Facts, Facts, Where Are the Facts?
by Gracchus
The noisy, nearly hysterical rhetoric surrounding IRS scrutiny of conservative 501(c)(4) organizations has all but drowned out the essential question at issue: whether the scrutiny was justified in the first place.
From the first instant this brouhaha got underway, it has been almost universally assumed, without proof or evidence, that the decision to scrutinize organizations with the words “tea party” or “patriot” in their names was made for explicitly political reasons, either by overzealous bureaucrats in the IRS wishing to please the administration in power or, more sinisterly, by the administration itself.
This facile assumption has been a convenient godsend for Republicans in Congress, who would dearly love to compromise and embarrass a President whose reelection they still cannot abide. The only thing they would love better is to impeach the man before his second term has a chance to run its course, just as they tried to do to Bill Clinton.

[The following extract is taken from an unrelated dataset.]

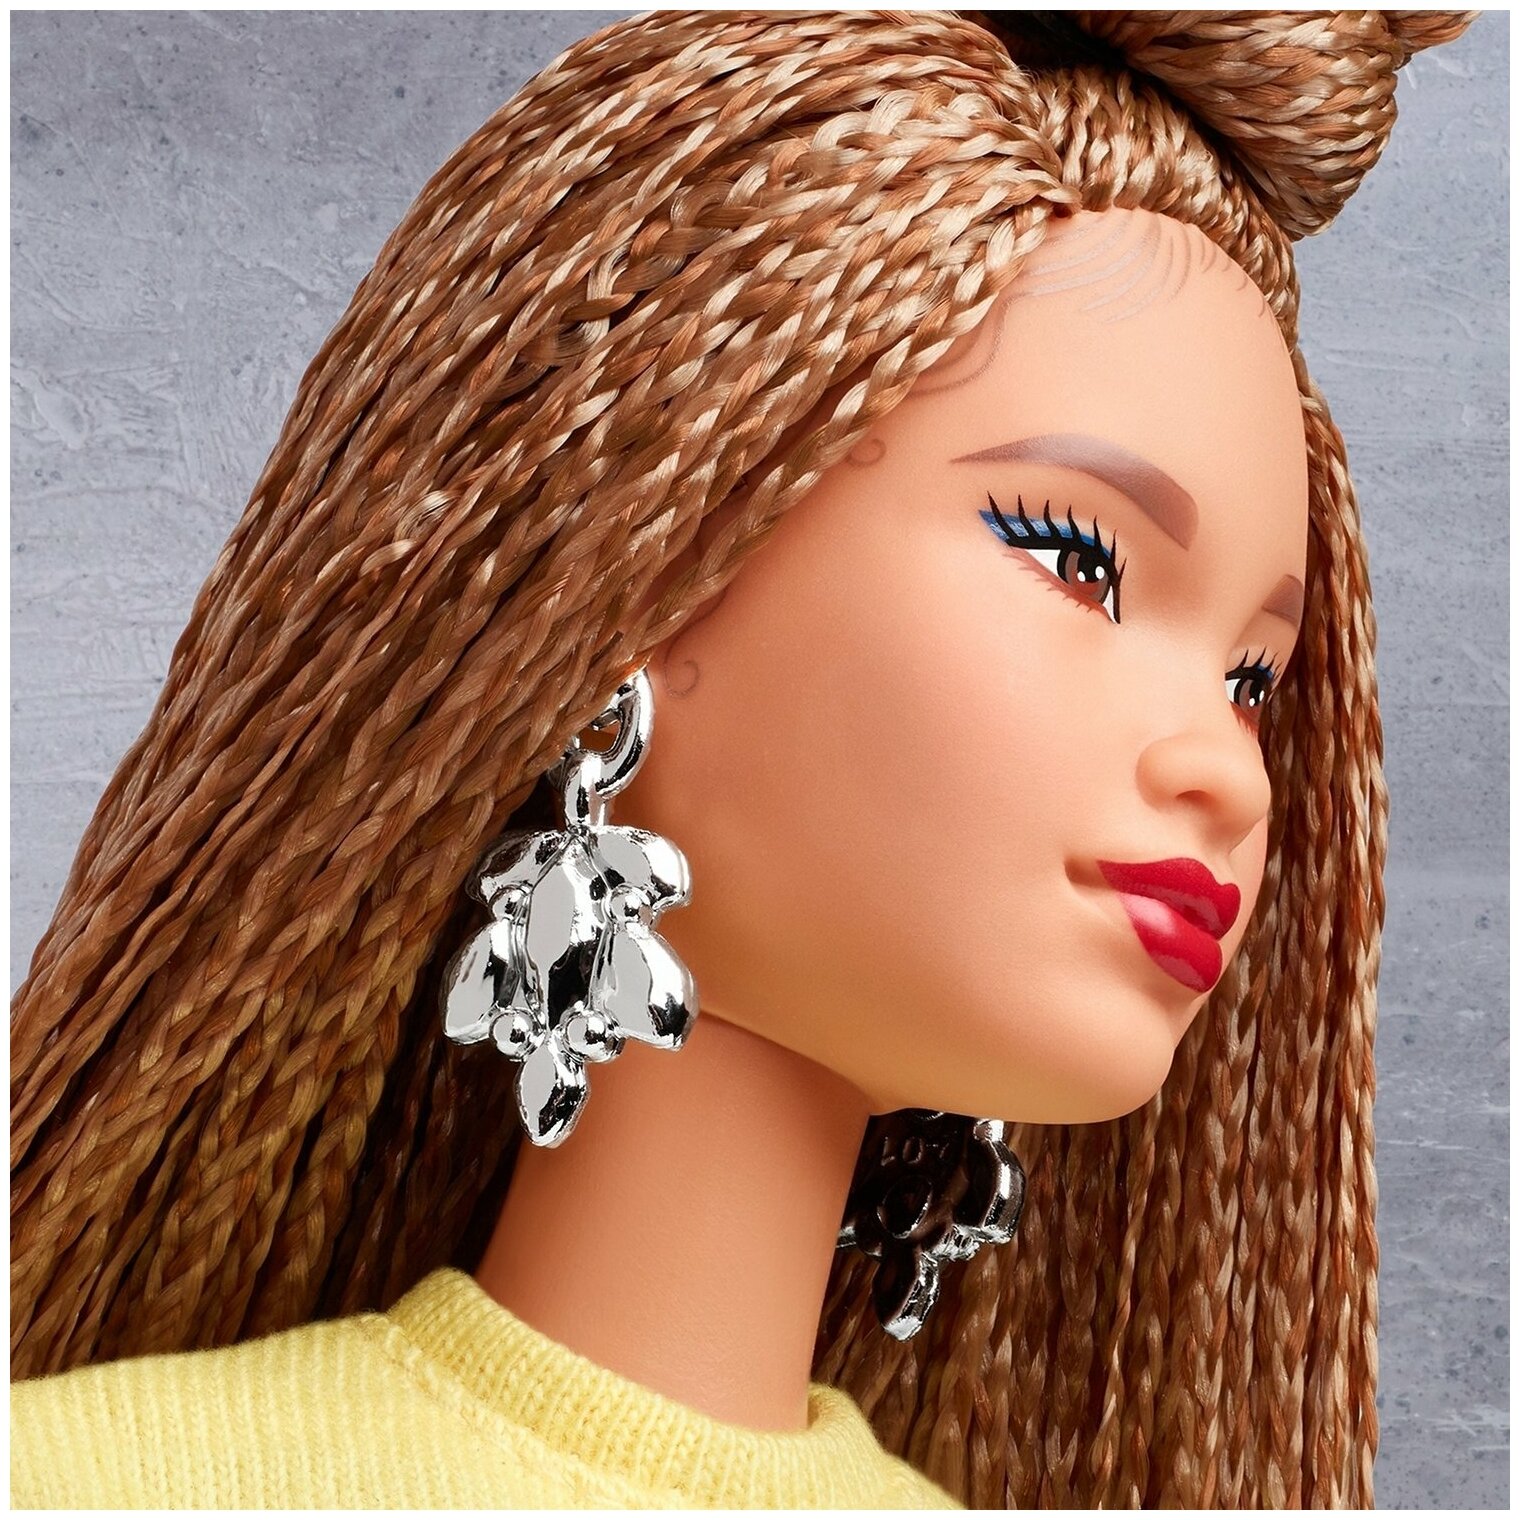 Коллекционная кукла Barbie "BMR 1959" с косичками (GHT91) - фото №15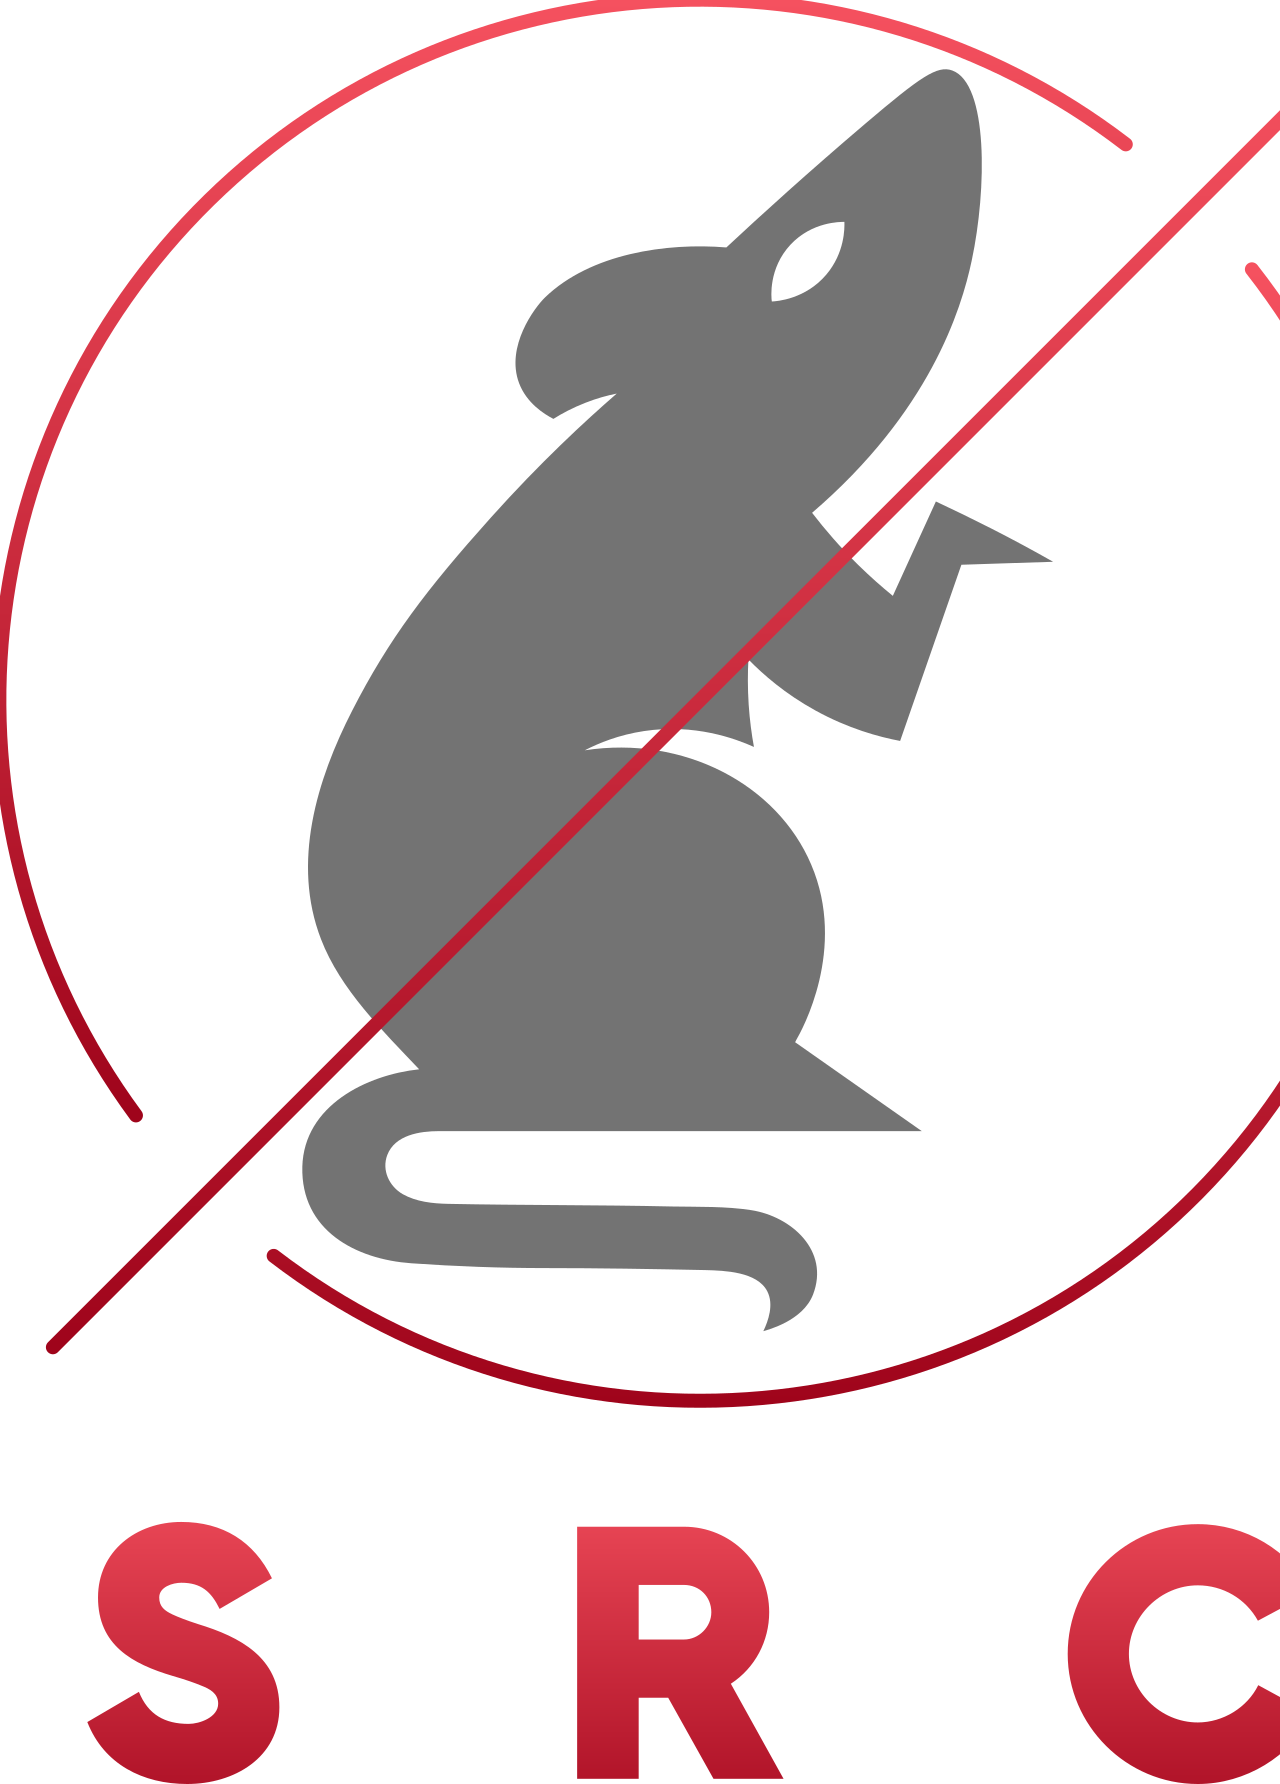 s r c's logo

Easy assumptions, however, are not the same thing as reality. That the organizations flagged for scrutiny happen to be “conservative” does not mean that the scrutiny was politically motivated. There is another possibility, one that easily could, and should, be verified.
That possibility is that tax exempt organizations with the words “tea party” and “patriot” in their names may have a particular history of attempting to flout the law—and may have done so more frequently than other organizations of this kind. If such a reality, not ideology, was the basis of the “criteria” the IRS employed, the agency was doing exactly what it is supposed to do—enforce the tax code.
501(c)(4) organizations are required by law to pursue “social welfare,” not politics. This entitles them to a tax exemption. It also allows their donors to remain anonymous. Anonymity is the key point. When a supposedly “grass roots” organization purporting to advance “social welfare” is, in reality, a sham, bankrolled by wealthy donors with a blatantly political agenda, its behavior is not only embarrassing but illegal.
That such chicanery goes on is not in doubt. Numerous 501(c)(4) organizations have been exposed as fronts for the funneling of anonymous and tax-exempt money toward explicitly political purposes. The infamous Koch brothers have been guilty of this dodge more than once. So has the equally infamous Karl Rove. There are some on the right (and for all I know, on the left as well) who have even been foolish enough to boast of it.
The question is not whether such chicanery happens, and it certainly isn’t whether this behavior deserves to be scrutinized and stopped. The question is whether the record of “tea party” organizations is statistically more suspect than others. If that is not the case, the IRS deserves every bit of the opprobrium that is now coming its way. If it is the case, however, the agency deserves not only praise but encouragement.
The trouble is that the IRS may be the least-loved department of government, and the mere thought of IRS scrutiny is every American’s worst nightmare. Nonetheless, that is no reason to let politically convenient assumptions cloud the facts. Let’s find out what the facts really are before we decide who deserves the blame. We might be surprised by the result.